From v...@aarontitus.net on March 25, 2013 16:29:14 Unexpected bug: In the infobox, the following items appear: City metaphone: NPTN-. Name metaphone: PPTSNKTS. Address metaphone: RFRFKRT. Phone normalised: 7328046041.

Is there any way we can hide that information from the InfoBox?

aarontitus commented 11 years ago

From cpw...@gmail.com on March 25, 2013 16:53:24 At present, Infoboxes are only available for display on the map view, not the form. view.

As a stop gap, how about opening a new tab on click of the error message?

aarontitus commented 11 years ago

From v...@aarontitus.net on March 25, 2013 16:59:41 Sure. That's an OK stop gap for the Infobox issue. I worry about someone who has interviewed a person over the phone for 8 minutes, clicks enter, only to find that it's a duplicate, then when they edit, all of their notes from the past 8 minutes are lost.

At least opening up the view/ edit would allow them to save their work.

aarontitus commented 11 years ago

From cpw...@gmail.com on March 25, 2013 17:12:27 Understood re losing data.

New warning message, 4 metre radius, infobox alteration now live on testbed.

aarontitus commented 11 years ago

From v...@aarontitus.net on March 25, 2013 17:33:57 On sandbox, please check A3423 and A1861. They are duplicates, but were not flagged as duplicates. (107 Wakewood Rd) Any ideas?
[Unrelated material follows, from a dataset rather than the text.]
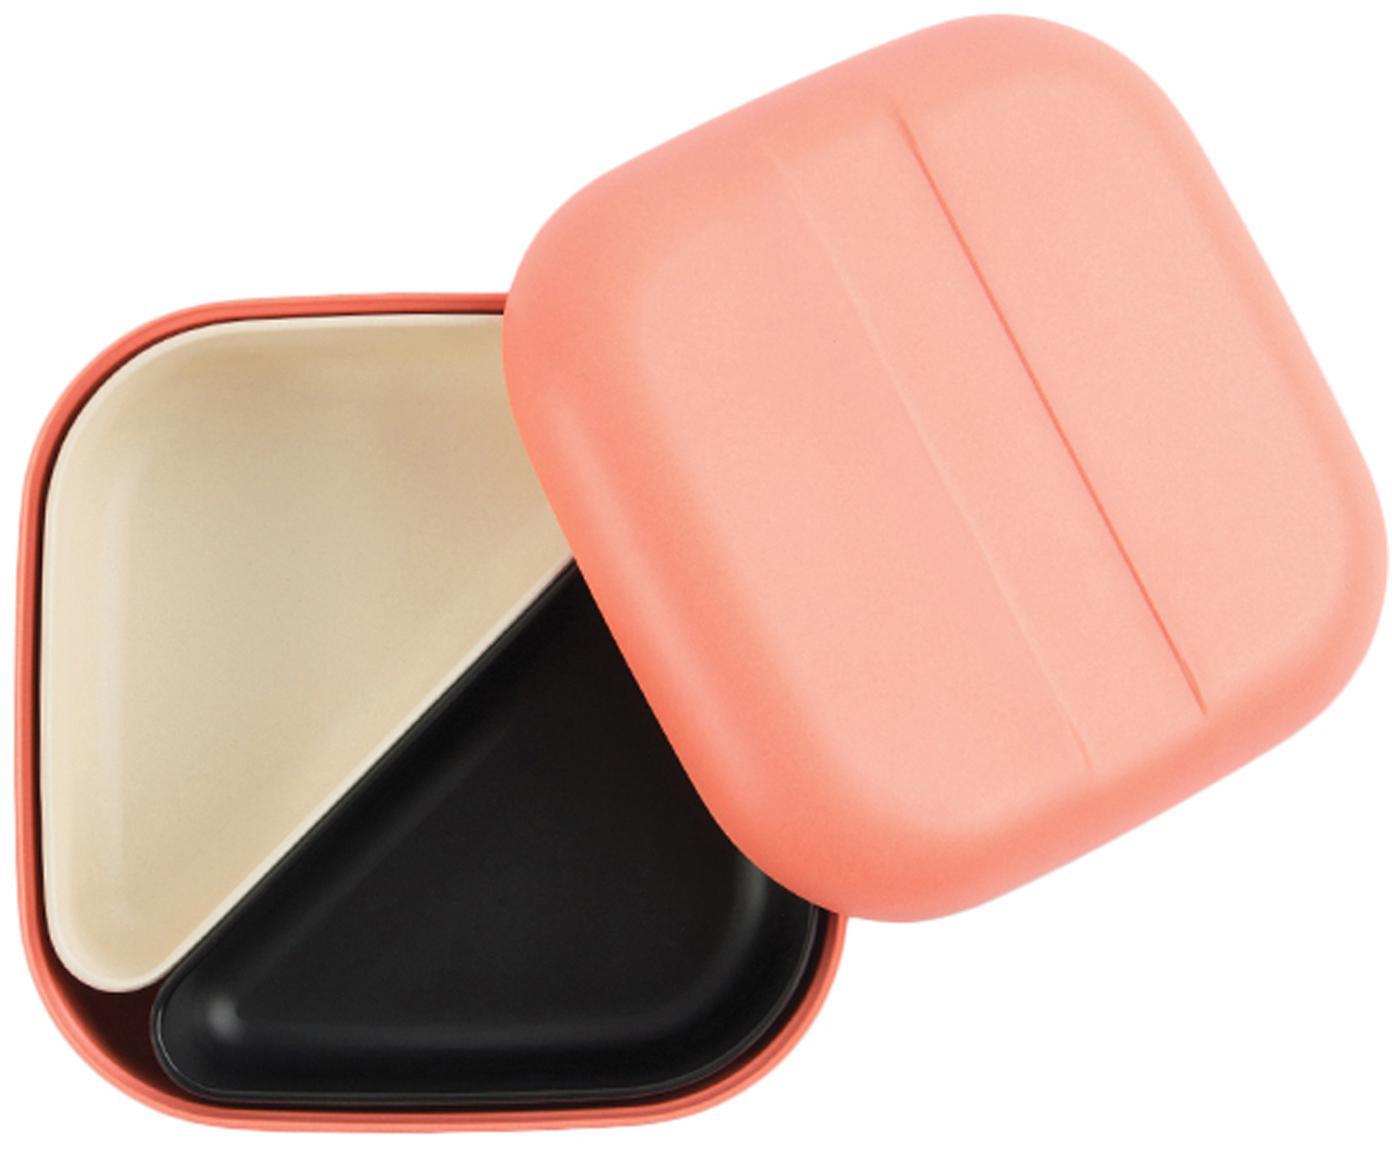 Lunchbox Bento, Bamboehoutvezels, melamine, voedselveilig BPA-, PVC- en ftalatenvrij, Koraalrood, crèmewit, zwart, 15 x 7 cm

aarontitus commented 11 years ago

From cpw...@gmail.com on March 25, 2013 17:47:41 The saved co-ordinates are different, so there's 1.5 km between them:

https://sandy-helping-hands.appspot.com/edit?case=A1861 https://sandy-helping-hands.appspot.com/edit?case=A3423

=>

http://www.wolframalpha.com/input/?i=distance+between+%2840.2091219%2C+-74.0386271%29+and+%2840.196577%2C+-74.044195%29&a=*C.distance-_*GeoQueryType-

aarontitus commented 11 years ago

From cpw...@gmail.com on March 25, 2013 17:50:36 A1861 could have used old geocoding data, at the point it was geocoded?
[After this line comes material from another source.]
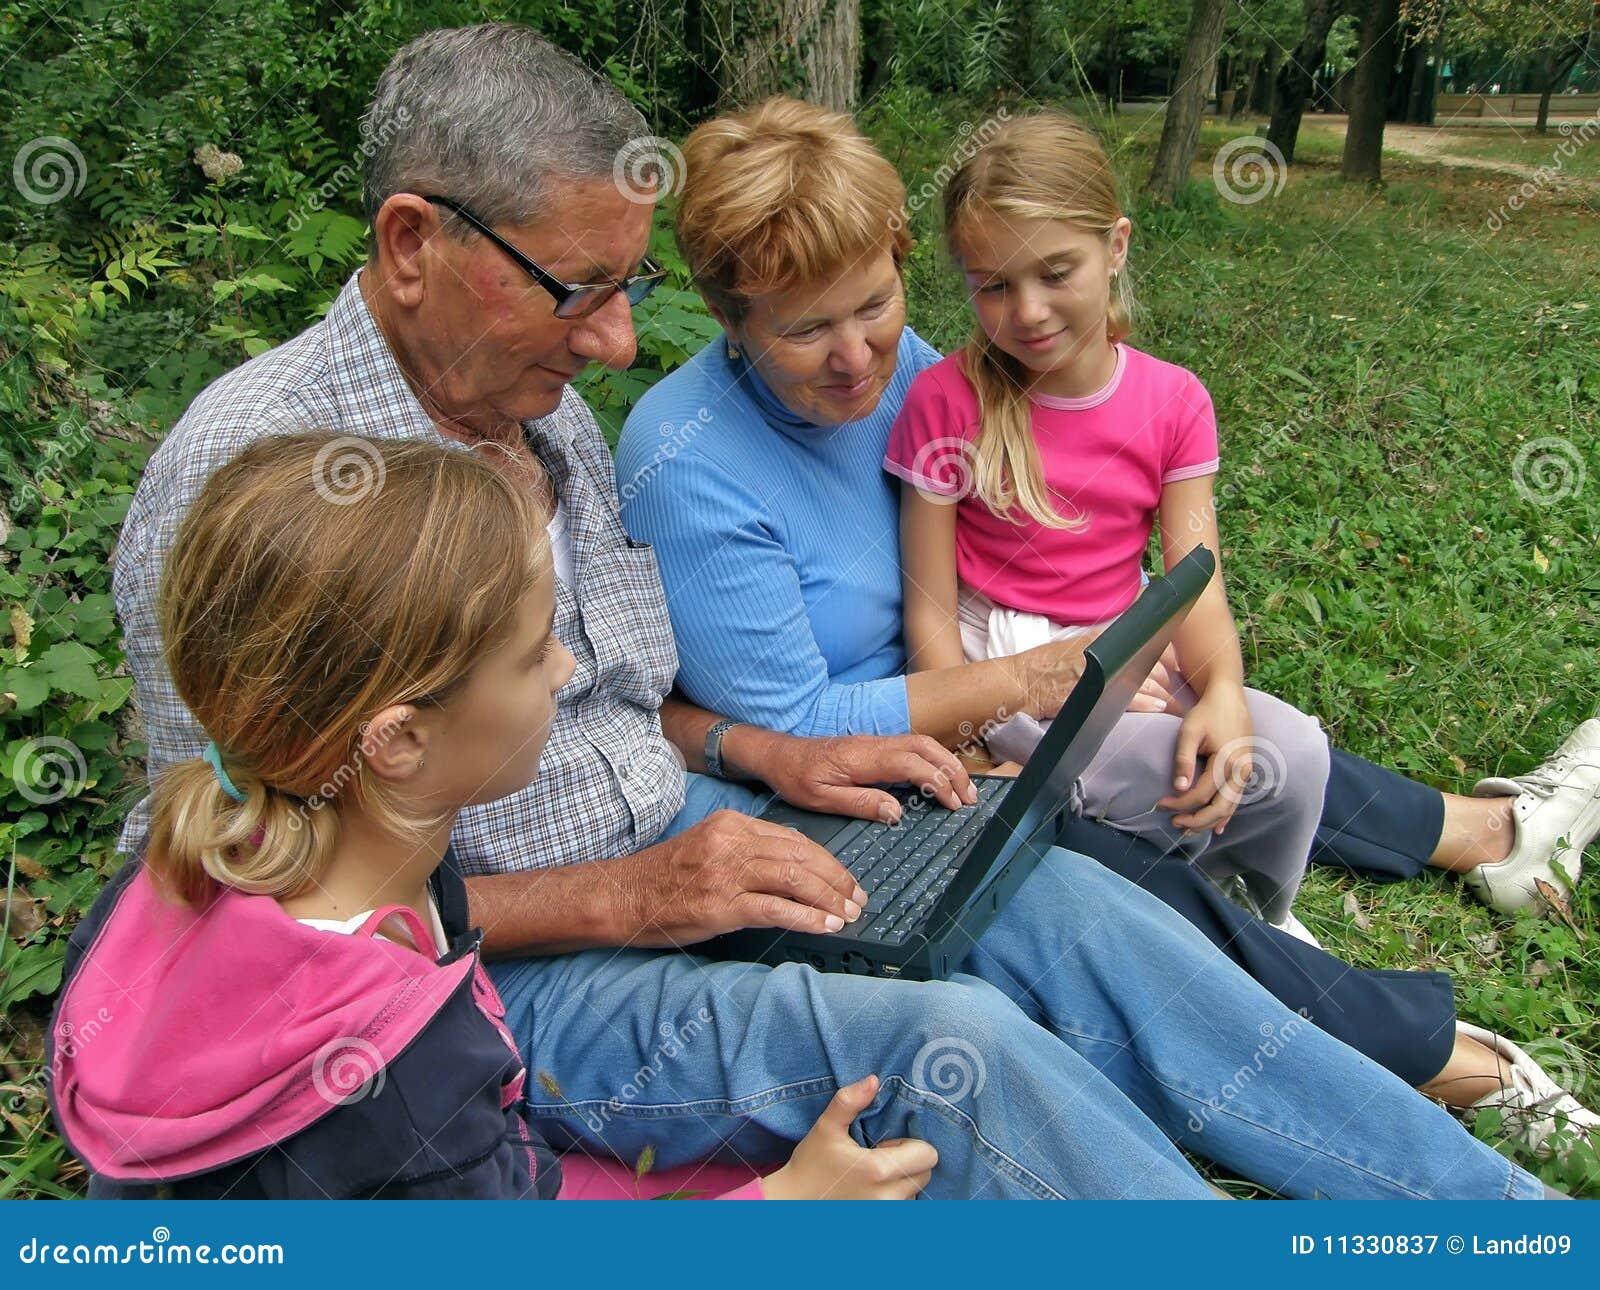 Grandparent, twins grandchild with laptop

It geocodes to the same as A3423 when rerun now (my clicking in to an address field).

aarontitus commented 11 years ago

From v...@aarontitus.net on March 25, 2013 18:28:21 That's strange; especially since the two appeared on the map at exactly the same location. Perhaps the system does not actually use the lat/lon fields to map? Perhaps the Google Maps API just reads the address de novo each time. I dunno... it's a strange behavior.

Here's something else interesting- I allowed Google maps to re-geocode A1861. As expected, it geocoded the same as A3423. I saved it, and it did not flag as a duplicate (probably because I am editing, rather than creating a new record).

It would be good to check for duplicates on save, as well. Allow the save to occur, and provide links to each of the duplicates. Then you can (optionally) go edit them and change the status to "Closed, duplicate"

It's a good way to clean up the database as we move forward.

aarontitus commented 11 years ago

From cpw...@gmail.com on March 25, 2013 19:04:15 I see - it's usefully different behaviour. Ok, will make a change to edit-saves.

aarontitus commented 11 years ago

From cpw...@gmail.com on March 25, 2013 19:16:31 Currently, after an saving an edit, the map page is shown with the infobox of the work order just saved.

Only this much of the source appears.